Женщина еле заметно кивнула. Он двинулся вдоль ряда. Кончик
пера бухгалтера замер на странице блокнота. Строительный
рабочий расцепил скрещенные руки.
— Вы тут же предполагаете несчастный случай. Вы мысленно
молите их сказать, что с женой все в порядке, но выражение их
лиц и само их появление на вашем крыльце говорят, что нет, не
все в порядке.
Белые бумажные листки теперь лежат неподвижно. Стайнер
снимает ногу с колена и подается корпусом вперед с
озадаченным и недоуменным выражением лица. Патриция
Хансен перестает стискивать руки дочерей и хватается за барьер
с видом человека, вознамерившегося в последнюю секунду
воспрепятствовать венчанию жениха и невесты, сообщив о
непреодолимых к тому препятствиях.
— Тон их суров и будничен. Они говорят без обиняков: «Вашу
жену убили». Ваш шок выражается в смятении и нежелании
поверить. На секунду вы укрываетесь за абсурдной мыслью, что
это ошибка, что они ошиблись адресом. «Это какая-то ошибка»,
— говорите вы. Но они опускают глаза: «Простите, но ошибки тут
нет».
— Вы выходите на крыльцо: «Нет. Только не с моей женой.
- 10 -
Взгляните на мой дом. На мою машину на подъездной аллее».

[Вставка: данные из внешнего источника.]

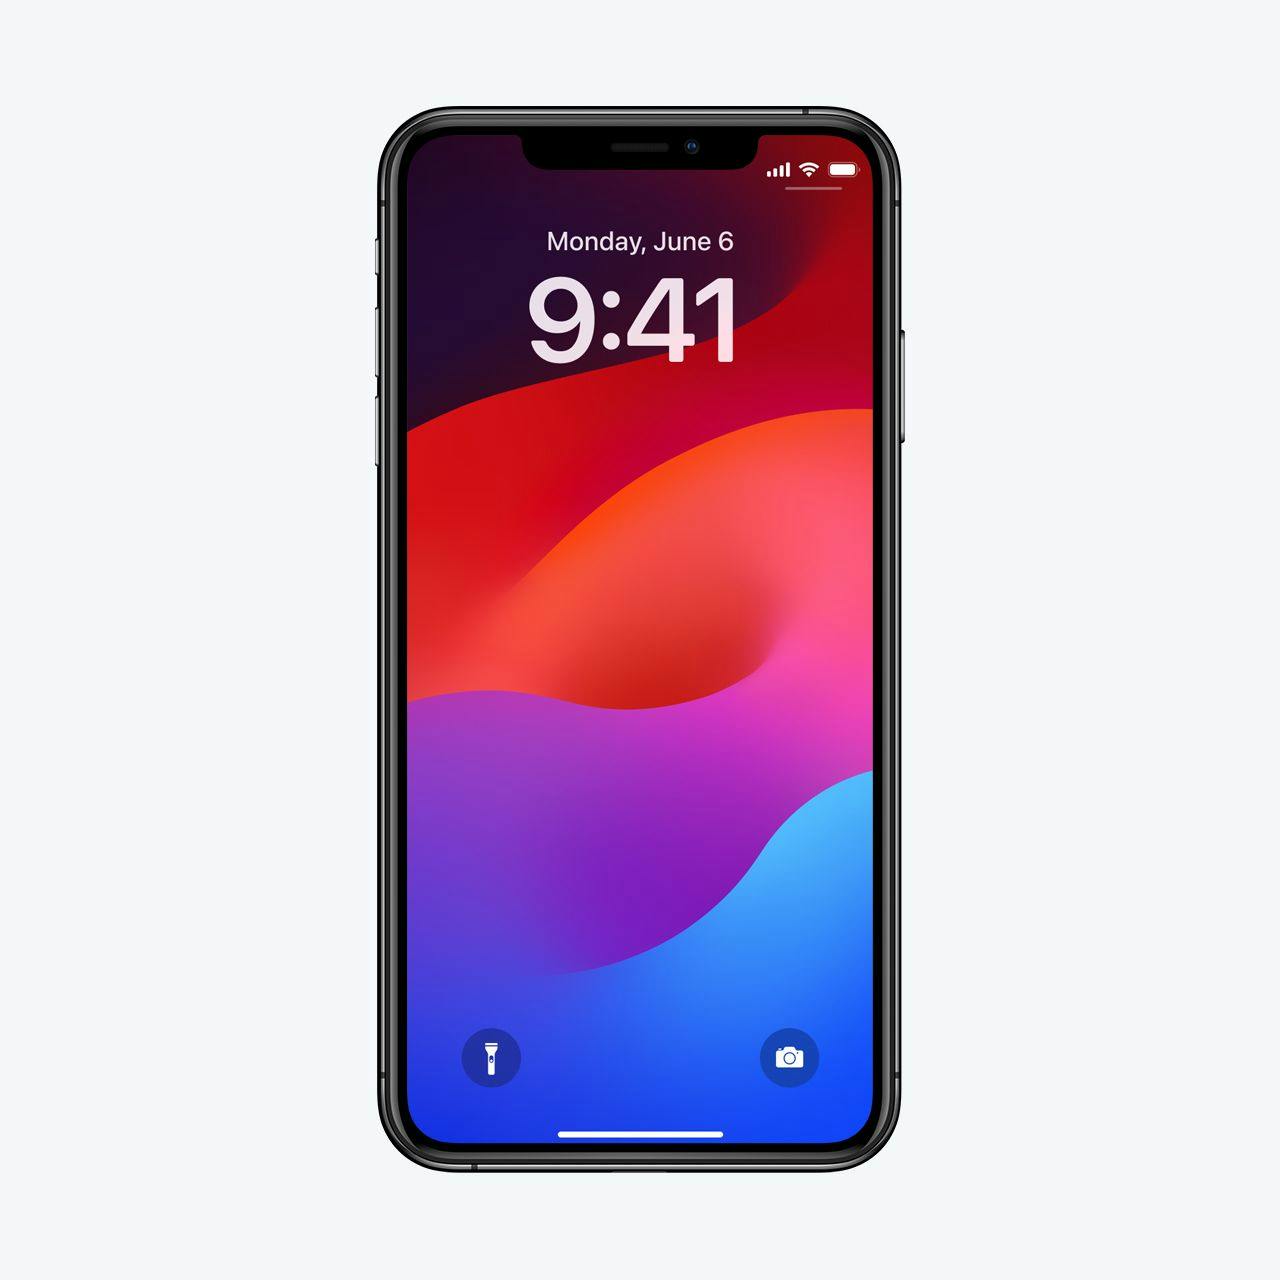 Image of iPhone XS Max.

Широким взмахом руки вы обводите соседние дома: «Взгляните
на моих соседей. На тех, кто тут живет. Здесь не бывает убийств.
Потому мы и поселились тут. Это безопасный район. Дети
катаются здесь на велосипедах по улице. И спим мы с
открытыми окнами. Нет! — Голос ваш звучит умоляюще. —
Произошла ошибка!»
Он делает паузу, чувствуя, видя по блеску глаз, что они жаждут
продолжения, жаждут успокоительного рокота его речи, хотят
впитывать, всасывать в себя его слова, как наркотик из шприца.
— Нет, ошибки не произошло. Несчастный случай. А вернее —
продуманный. Заранее просчитанный шаг больного и ущербного
в социальном плане человека, психопата, нацеленного в этот
вечер на убийство. А раз так — никто и ничто не могли сбить и
отвратить его от намеченного.
Он широко раскидывает руки, словно укрывая присяжных этим
жестом от боли, признавая всю трудность предстоящей им
задачи.
— Хотел бы я, чтобы вам надлежало ответить лишь на простой
вопрос: действительно ли Эмили Скотт явилась жертвой
ужасного и бессмысленного убийства? — Это была тонкая
ссылка на заключительную речь Стайнера. — С этим, я уверен,
согласен каждый из здесь присутствующих.
Присяжные утвердительно наклоняют головы.
— Хотел бы я, чтобы обращенный к вам вопрос был
сформулирован так: «Пострадали ли супруг и малолетний сын
убитой от гнусного поступка Карла Сэндала и продолжатся ли их
страдания в дальнейшем?»
Он переводит взгляд с одного лица на другое.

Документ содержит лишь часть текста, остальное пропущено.